Hace algo más de 30 meses la editorial Libros del KO, con quienes mantengo relación por amigos comunes como Nacho Carretero o Carlos Marañón, me propusieron escribir un libro de rugby. Acepté no sin antes darme cierta importancia al pedir un tiempo para pensarlo, periodo que en realidad escondía un entusiasmo desbordado que necesitaba domesticar. Solo puse una condición: se publicaría en septiembre de 2019, días antes del inicio del Mundial. Detrás de este tactiscimo aparecía mi necesidad de cocinarlo a fuego lento. Tenía clara la idea: dibujar un atlas de rugby paseando por la historia oval y saltando de país en país a base de historias que funcionasen de forma independiente pero ofreciesen un resultado final orgánico. Me interesaba huir de la endogamia rugbera sin perder el ‘savoir faire’ que les rodea y aportar un punto didáctico que resolví con un glosario final para disipar dudas. Quería, además, que la gente de rugby lo sintiera como suyo al tiempo que los neófitos lo digirieran sin atragantarse por un esnobismo pedante e innecesario. Y a todo eso le añadí una fórmula arriesgada pero atractiva para mí en mi rol de escritor: salpimentar el libro con fragmentos de un partido contados en primera persona buscando la implicación del lector. Lo que ahora llaman en televisión un Inside. Pero en versión escrita.

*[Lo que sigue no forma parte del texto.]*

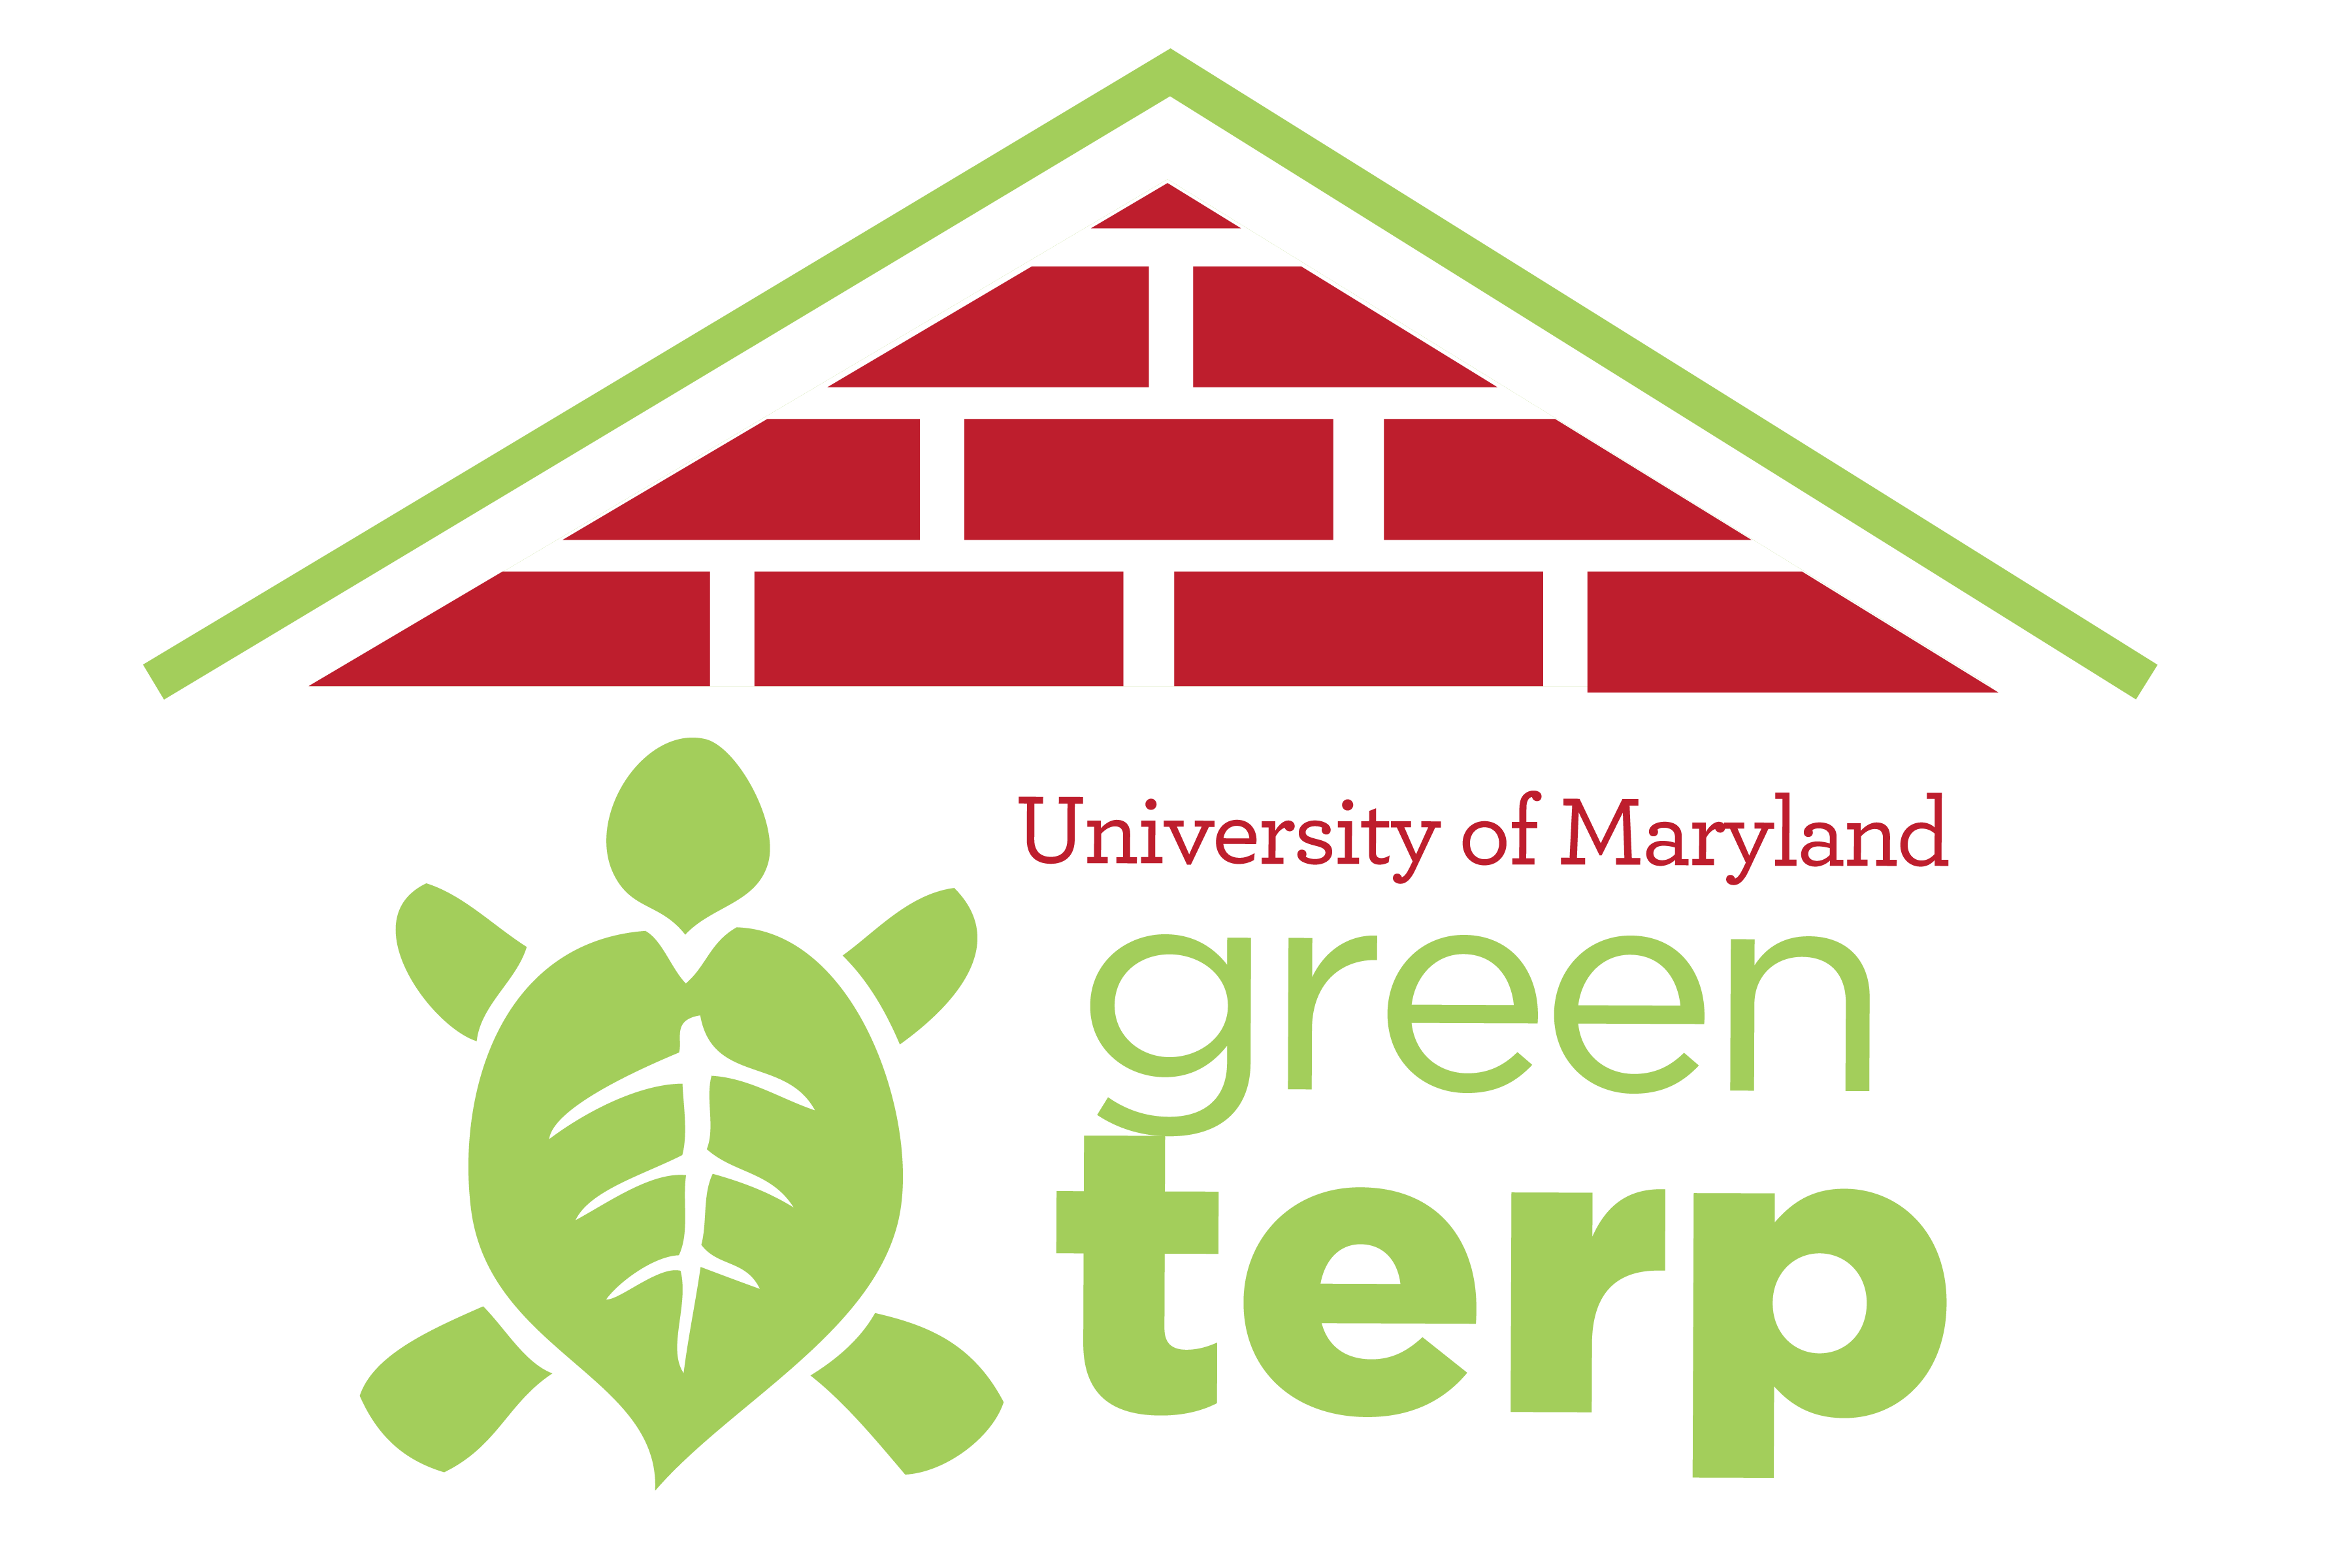 Green Terp
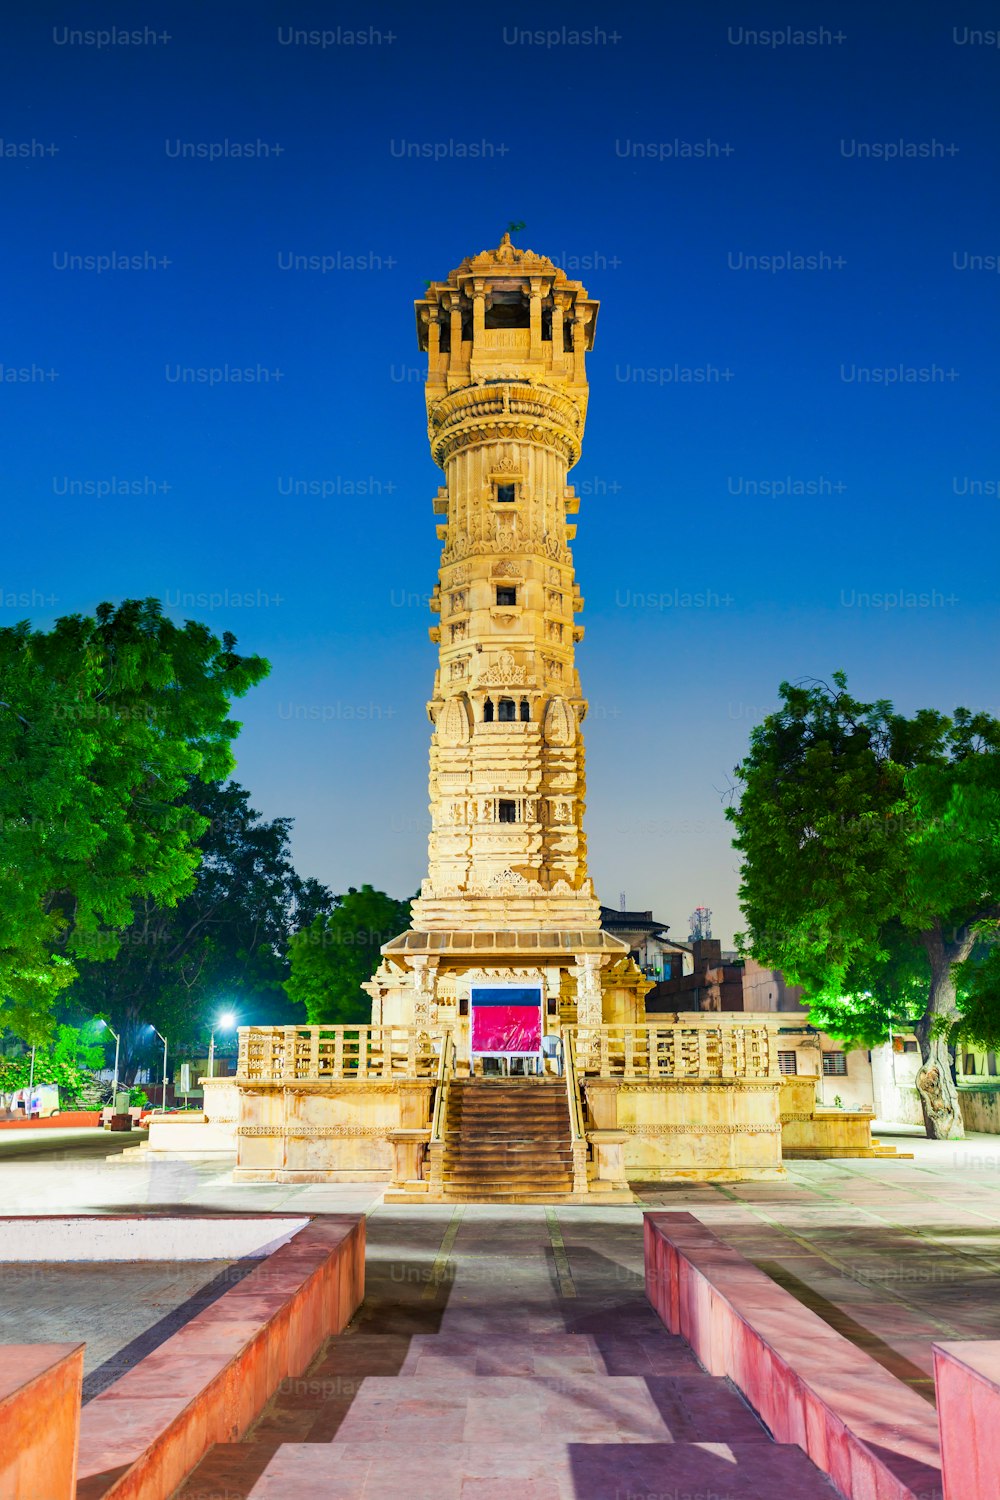 Kirti Stambh Tower presso il Tempio di Hutheesing, il più noto tempio giainista nella città di Ahmedabad, nello stato indiano del Gujarat

Solo me faltaba convencer a un buen amigo para prologarme el libro: Michael Robinson. Quedé con él a tomar una cerveza y le explique la idea. Y entonces me respondió desafiante: “Solo aceptaré si me gusta el título”. Se lo enseñé, sonrió y me respondió: “Eres un cabrón muy listo”. (No explicaré el título para no hacer spoiler). Y el libro ya no tuvo marcha atrás. Después me contó: “Estoy empezando a jugar el partido más difícil de mi vida: contra el cáncer”. Una cervezas más tarde le despedí en un taxi sintiéndome la persona más frívola del mundo. “Uno no sabe nunca dónde te espera agazapada la vida para golpearte”, me dijo. La vida no sé, pero a mí el rugby me esperaba en una destartalada estantería de un puerto del que nunca recordé el nombre por más que lo he intentado. En forma de libro que costó a su primer propietario 6 libras y media. Hoy ese libro, editado en 1980 por The Hamlyn Publishing Group, descansa en mi librería no lejos de El Largo viaje de Moitissier, el cual rescaté el día que vaciamos el barco y nos despedimos de él con una dignidad estoica regada de abundantes y silenciosas lágrimas. La vela, sin yo saberlo, daba paso al rugby. Y con ello a ‘Con fina desobediencia’.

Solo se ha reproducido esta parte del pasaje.